Whether you're a SaaS vendor bringing a product to market, or a business evaluating a new platform, understanding how Software-as-a-Service contracts work can help you enter into stronger agreements and minimize potential disputes.
What is a SaaS Agreement?
SaaS is a business model that delivers a software product to customers over the internet, on a subscription basis. Instead of owning the software outright, a SaaS licensing agreement defines how a customer accesses the software, their payment terms, how data is stored and controlled, along with other key provisions.
That is a big departure from the way traditional software sales agreements worked.
In the old software licensing models, a business would purchase a perpetual license to install and use the software on its own machines. They might pay for a specific number of “seats”, or licenses, for their employees to be able to access the software, but they essentially owned the software with a single purchase.
SaaS software license agreements turn that model completely around. Because the software is sold as a “service”, users only maintain access as long as the organization continues to pay for it each month.
The SaaS platform itself is hosted, maintained, and delivered by the vendor, using cloud-based technologies. The customer does not have to physically install the software or run updates. The platform can typically be accessed on any authorized machine, and updates are handled by the vendors themselves.
Because of that, SaaS agreements must work as both licensing agreements and service agreements.
For both vendors and customers, a well structured SaaS agreement is the foundation for a long-term working relationship between the two parties.
Key Features of Effective SaaS Contracts
No matter what industry you operate in, there are a few universal features of effective SaaS contracts that every organization should understand.
1. Service Level Agreements
The Service Level Agreement (SLA) is the cornerstone of a software-as-a-service contract. It defines the minimum level of performance that vendors must meet. A common metric is uptime guarantees, for example, 99.99% availability. SLAs also put in place other performance metrics, and procedures for handling service disruptions.
SLAs set clear expectations for both vendors and clients. The language used should clearly state what the standards for performance are, and what the available remedies are if service fails to meet the standards.
2. License and Usage Rights
SaaS licensing agreements should include specific terms for how the customer is allowed to use the software. The number of seats allowed and limitations on data storage need to be specifically defined in the agreement. Things the customer should not do, such as resell or reverse engineer the software, must also be defined in writing.
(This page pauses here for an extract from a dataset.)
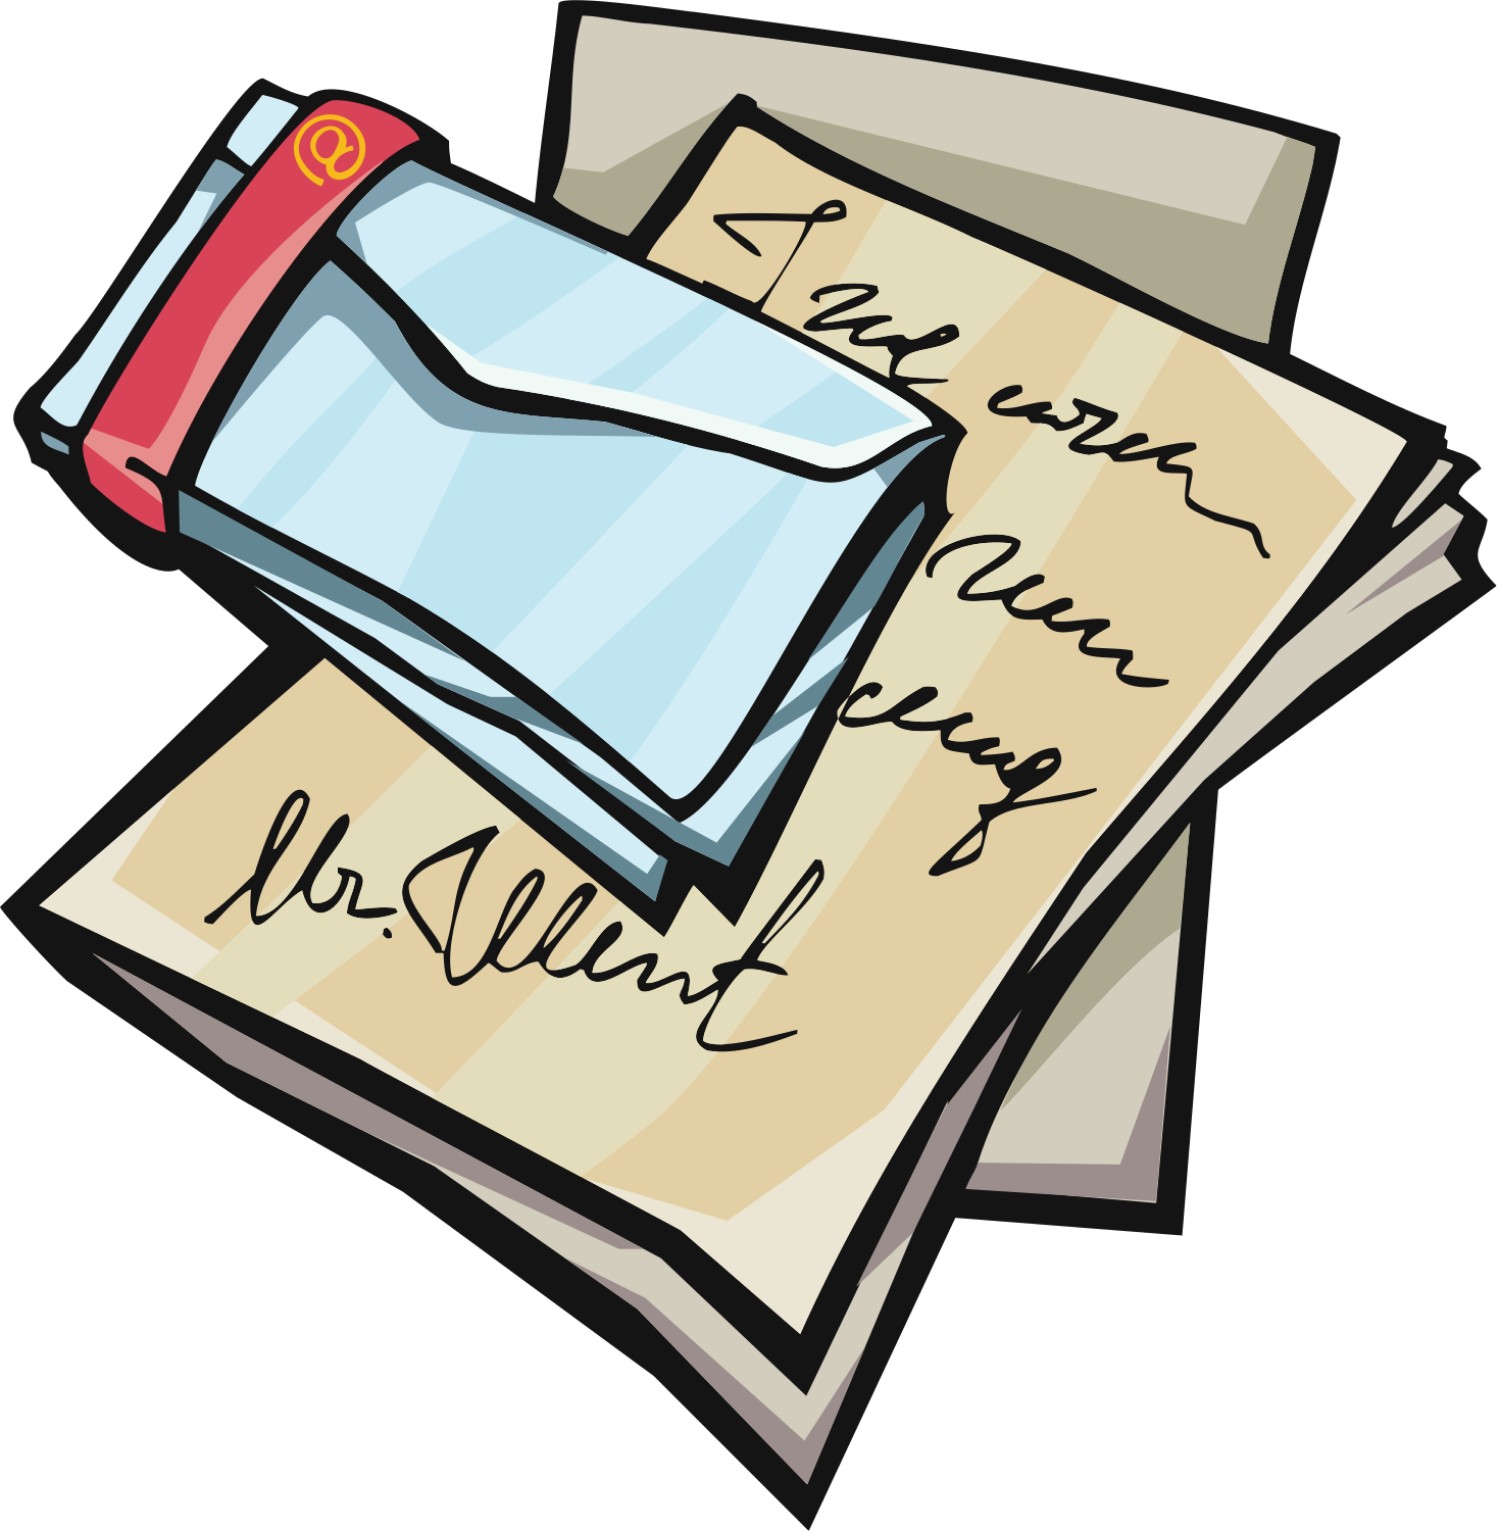 Writing A Letter Clipart Best

If usage rights are vague, problems are more likely to show up later. By clearly defining what is accepted usage and what is not, you can avoid a lot of headaches later.
3. Data Ownership and Security
Data ownership should be explicitly covered in the SaaS licensing agreement. A great deal of sensitive and proprietary data will be held by the vendor in the cloud. Clear policies for who owns the data, as well as how it will be kept private and secure are essential. Not only for operational trust with clients, but for compliance with data privacy regulations like HIPAA, CCPA and GDPR.
4. Pricing Model and Payment Terms
Because SaaS is subscription-based, the agreement creates an ongoing relationship between the vendor and customer. Both parties should clearly understand the financial obligations of the agreement. The contract should specify the monthly subscription fee, the billing cycle (monthly, annually, or other), auto-renewal terms, upgrade and downgrade options, and any additional fees that may be applied (overage charges, premium support, etc).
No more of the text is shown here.